Semax as a Nootropic: BDNF Upregulation and Neuroprotective Research

Where Selank is primarily studied for its anxiolytic and stress-modulating properties, Semax occupies a different research niche: cognitive activation and neuroprotection. Its most replicated and mechanistically interesting finding is upregulation of brain-derived neurotrophic factor (BDNF) in the hippocampus and prefrontal cortex of rodent models.

BDNF is a member of the neurotrophin family that plays a central role in synaptic plasticity, long-term potentiation (LTP), and the survival of existing neurons. BDNF signalling through the TrkB receptor is widely regarded as a key mediator of learning and memory consolidation; its downregulation is implicated in depression, cognitive ageing, and neurodegeneration. Compounds that reliably upregulate BDNF expression are therefore of substantial research interest.

In rodent studies, Semax administration has been associated with:

• Hippocampal BDNF elevation: Multiple independent groups have reported 1.5- to 3-fold increases in hippocampal BDNF mRNA and protein levels following Semax administration in rats, with effects observed within hours of a single dose and persisting for up to 24 hours in some protocols.
• Enhanced LTP in hippocampal slice preparations: Consistent with its BDNF-upregulating activity, Semax has been shown to facilitate LTP induction in hippocampal CA1 slices — a well-validated electrophysiological correlate of synaptic memory mechanisms.
• Neuroprotection in ischaemia models: Semax has been extensively studied in rodent stroke models, where it has demonstrated reductions in infarct volume, attenuation of peri-infarct excitotoxicity, and improved behavioural recovery scores. These findings underpinned its clinical registration in Russia as a nasal spray adjunct in ischaemic stroke management — a regulatory approval that provides an important E-E-A-T anchor for its safety characterisation in humans, though human data remain limited by Western regulatory standards.
• NGF pathway modulation: In addition to BDNF, Semax has been reported to modulate nerve growth factor (NGF) expression in basal forebrain cholinergic nuclei — regions with direct relevance to attentional processing and memory encoding.
• Dopaminergic activity: Semax interacts with the dopaminergic system in a manner consistent with mild psychostimulant-like activity in some assay formats, including increased locomotor exploration and enhanced performance on novel object recognition tasks. These effects are considerably milder than classical stimulants and are not accompanied by sensitisation in repeat-dosing protocols studied to date.
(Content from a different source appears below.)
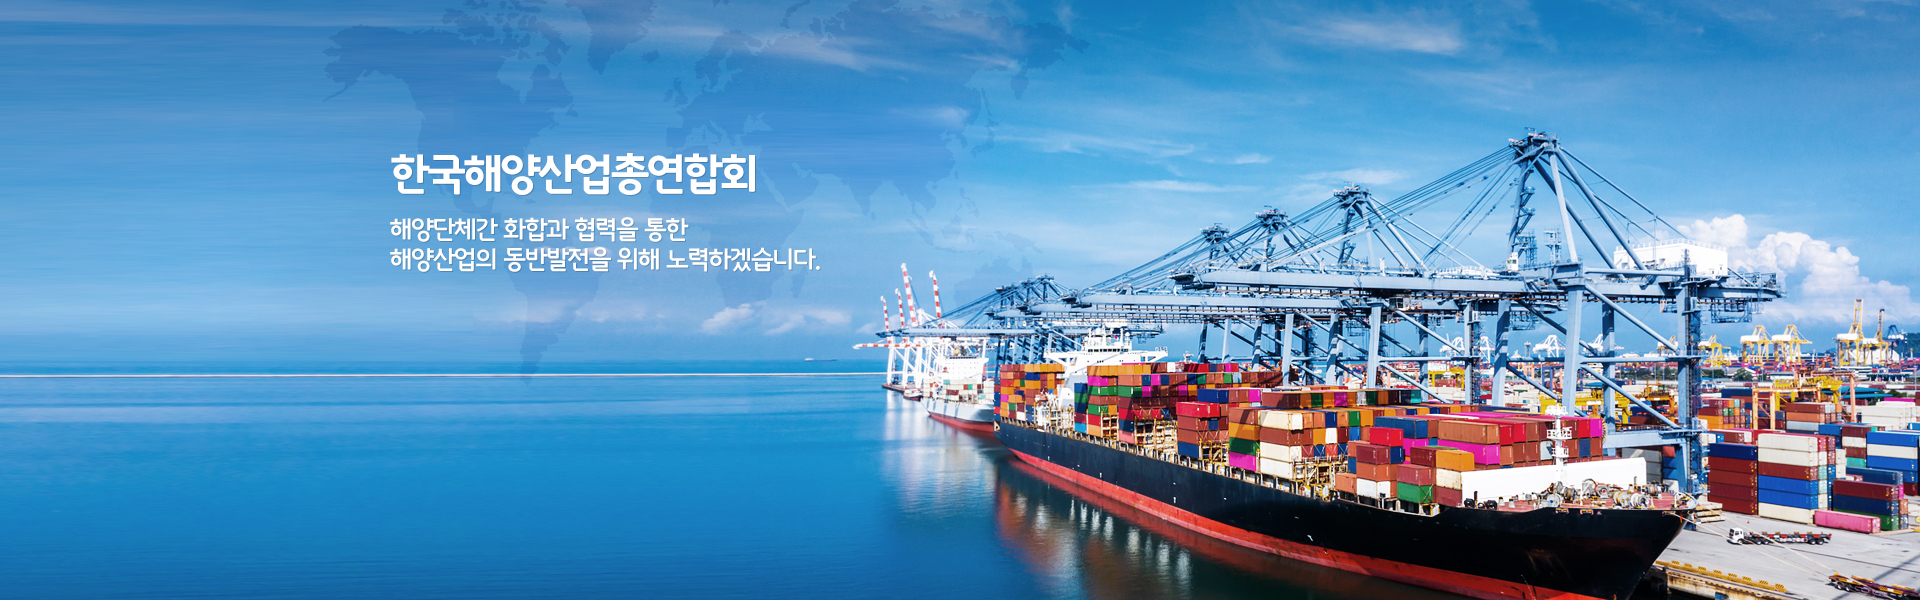 한국해양산업총연합회 해양단체간 화합과 협력을 통한 해양산업의 동반발전을 위해 노력하겠습니다.

Biohacker’s Semax capsules are formulated with enteric protection to address the oral bioavailability challenges inherent in peptide compounds (see below). Each batch is independently third-party tested; COAs are published at biohacker.dev-up.click/coas/.
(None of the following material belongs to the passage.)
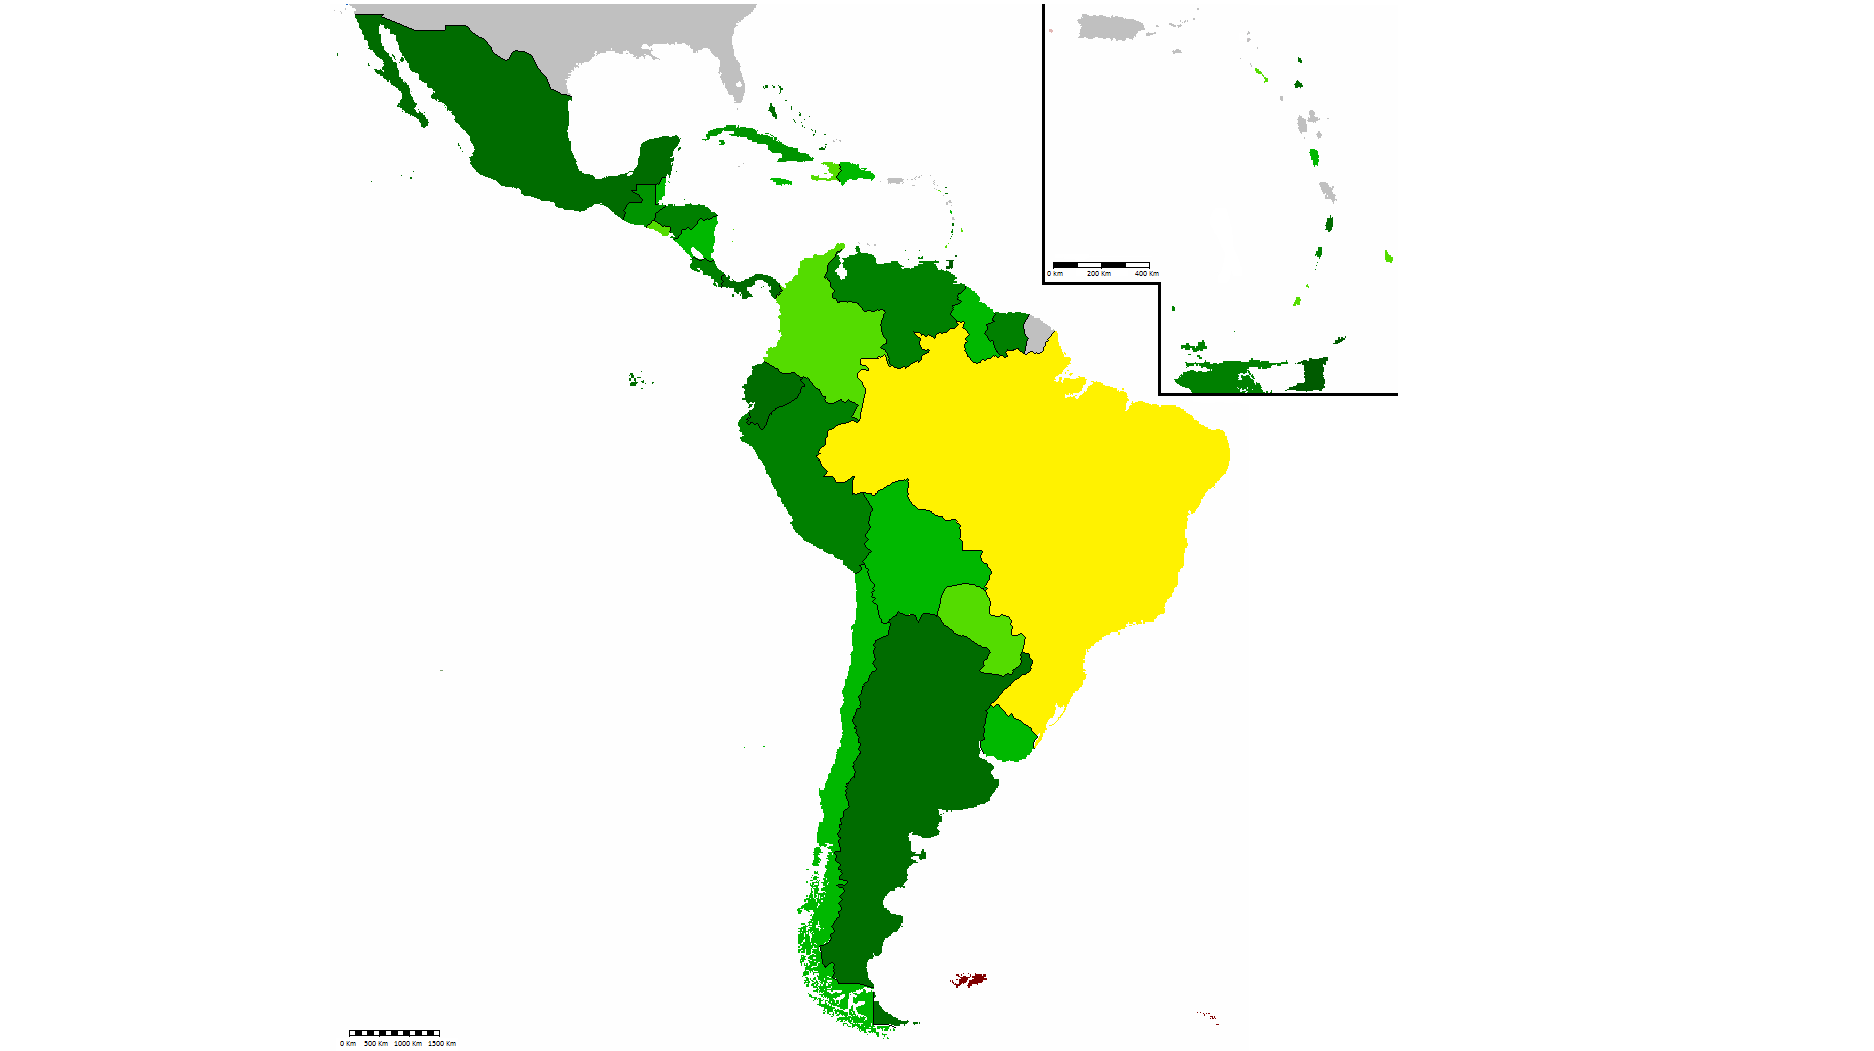 СЕЛАК-государства Сообщества стран Латинской Америки и Карибского бассейна

Head-to-Head: Selank vs Semax Research Profiles

The two peptides are frequently discussed together because their research profiles are complementary rather than redundant. The table below summarises the key distinguishing characteristics.
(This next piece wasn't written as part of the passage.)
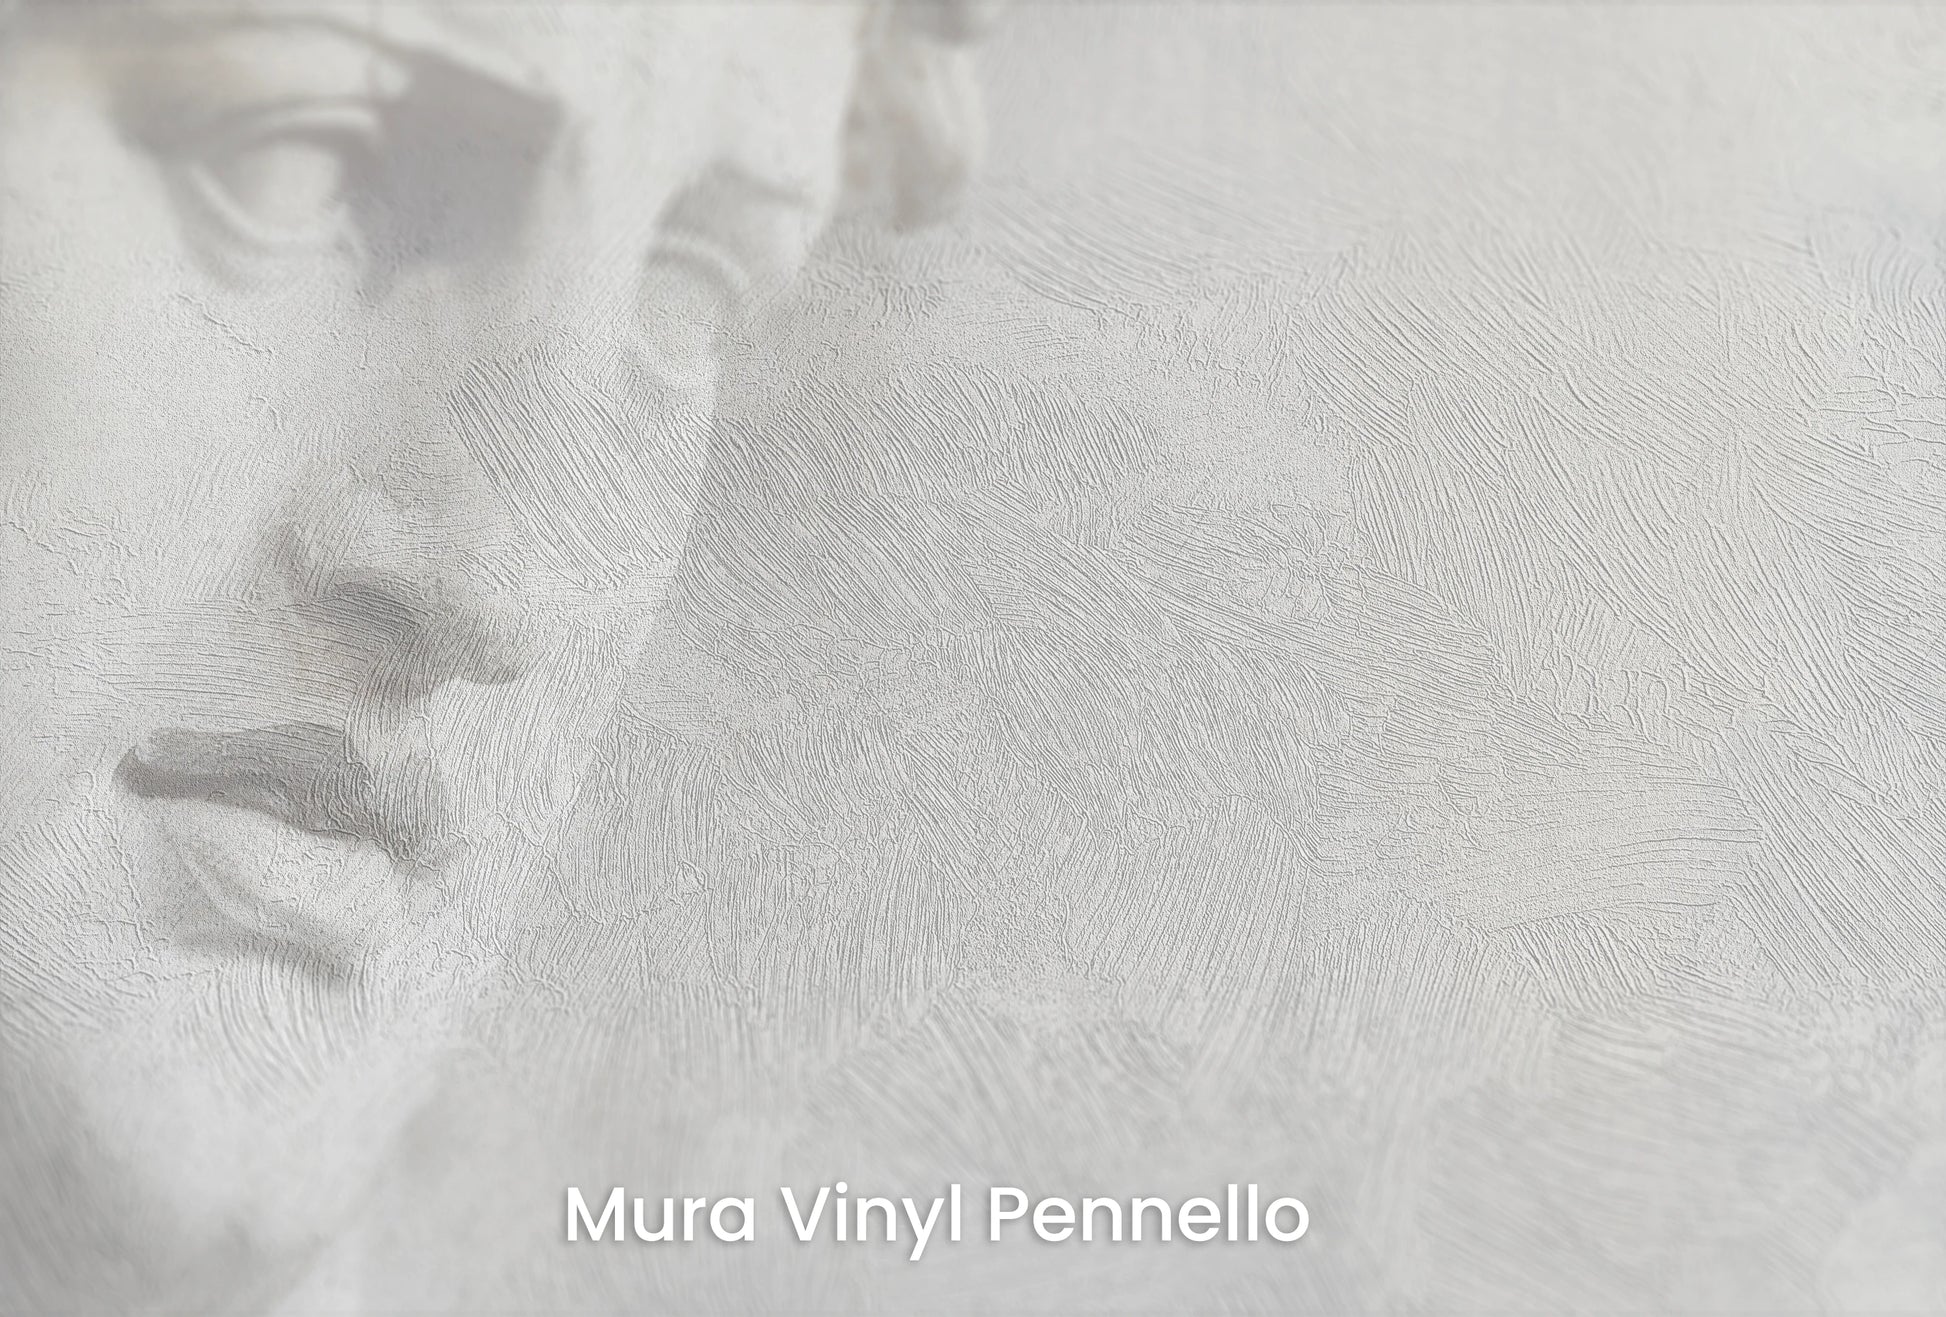 Zbliżenie na artystyczną fototapetę o nazwie Athena's Wisdom na podłożu Mura Vinyl Pennello - faktura pociągnięć pędzla malarskiego.

The logic behind studying them in combination is straightforward: anxiety and cognitive impairment frequently co-occur, and the mechanisms underlying them — HPA dysregulation, reduced GABAergic tone, diminished BDNF signalling — interact bidirectionally. A research protocol that modulates both axes simultaneously may yield more ecologically valid data on stress-cognition interactions than either compound alone.